OpenAI toujours vainqueur sur le ring des présidentielles américaines
Peter Thiel soutient que « la technologie est une extraordinaire alternative à la politique, notre tâche est de trouver une voie pour y échapper »1. Une façon d’échapper à la politique est de la mettre à son service. Les quatre fondateurs d’OpenAI comptent parmi les entrepreneurs les plus influents de la vie politique américaine. Les présidentielles américaines ont ressemblé à un conflit entre Thiel et Musk côté « Républicains », Hoffman et Altman côté « Démocrates », pour que la victoire revienne en dernier recours aux entrepreneurs de la tech.
Thiel et Musk, ces « Républicains »
Le mentor Peter Thiel n’a jamais bougé sa ligne. Il animait déjà pendant ses études à Stanford une revue conservatrice pour dénoncer le multiculturalisme, la discrimination positive, et les « formes contre-nature de relations sexuelles » – lui-même étant immigré allemand et homosexuel. Thiel est chrétien évangélique, connu depuis 2008 comme un soutien financier des candidats républicains Ron de Santis, John McCain et Donald Trump. Pour résumer, Thiel porte le projet libertarien d’abolition des aides sociales et des réglementations dans la recherche techno-scientifique, mais soutient le mariage pour tous et les aides médicales à la procréation.
Elon Musk est lui aussi un chrétien nataliste (il a douze enfants), mais il fut longtemps aux côtés des « Démocrates ». Proche d’Obama, il vote encore Biden en 2020. Mais l’année suivante, patatras! Alors que le patron de Tesla interdit toute présence syndicale dans ses entreprises, Biden aime saluer l’engagement syndical de ses parents et se rend sur les piquets de grève de l’Union Automobile Workers.

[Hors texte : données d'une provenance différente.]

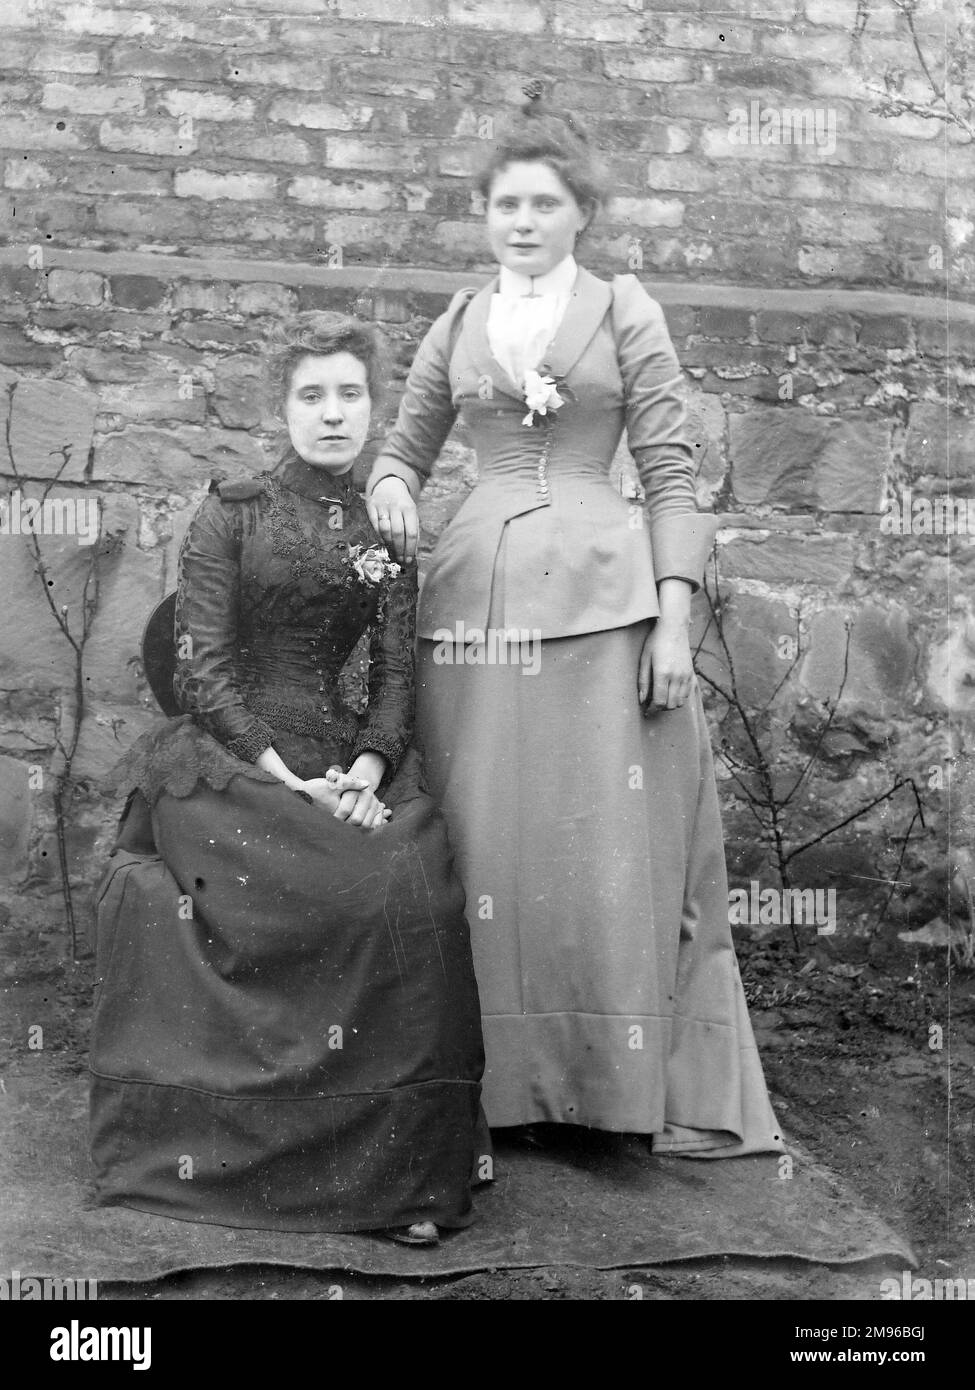 Deux sœurs posent pour leur photo devant un mur de jardin, probablement dans la région du Mid Wales. Ils portent une jupe pleine longueur et une veste ajustée. Banque D'Images

Ce mauvais présage se confirme en 2021, quand le Président oublie ostensiblement de saluer Tesla parmi les industriels de l’automobile électrique. Le divorce est définitif. Musk, qui rachète Twitter et licencie 80 % du personnel, rétablit le compte de Donald Trump et d’autres influenceurs d’extrême droite. Ensemble, ils détruiront le wokisme, le communisme, et purgeront « l’État profond » de toute présence démocrate.
Altman et Hoffman, mécènes « Démocrates »
« La Tech doit être une force politique », déclare Altman en 2017 à son retour de Paris2. Le boss d’OpenAI vient de rencontrer Emmanuel Macron, « à la demande du candidat »3, pour lui présenter son idée sur le revenu universel : avec l’IA, « nous aurons une richesse illimitée et un nombre considérable de suppressions d’emplois, donc le revenu de base est tout à fait logique»4. Altman s’engage en 2020 auprès d’Hillary Clinton avant de financer la campagne de Joe Biden, à hauteur de 250 000 dollars, puis de soutenir Kamala Harris dernièrement. Elle est « beaucoup plus probusiness que Trump »5, résume le quatrième fondateur d’OpenAI Reid Hoffman, donateur de 7 millions de dollars, avec l’espoir qu’elle relâche la pression fiscale et les règles anti-trusts que Biden exerce à l’encontre de la Silicon Valley.
Et ça marche ! Quand Biden s’allie aux syndicats, Harris place sa candidature sous le signe d’une « économie d’opportunités ». Quand le Président souhaite réguler les applications nucléaires, biotechnologiques et chimiques de l’IA, sa vice-présidente vide son décret de toute mesure contraignante. Kamala Harris est définitivement l’alliée de la tech. Elle doit beaucoup à Laurene Jobs, veuve de Steve Jobs et femme la plus riche de la Silicon Valley, sa complice et bailleuse de fonds depuis plus de vingt ans. C’est elle qui a manœuvré auprès des donateurs influents pour écarter la candidature Biden, qu’elle jugeait « anti-tech ». Dès le retrait du président sortant, Jobs alignait encore plusieurs millions de dollars pour la candidature de son amie.
Trump a gagné mais dans tous les cas, l’équation présidentielle était limpide : peu importe le vainqueur, les intérêts des entrepreneurs de l’IA et de la Silicon Valley sont bien gardés.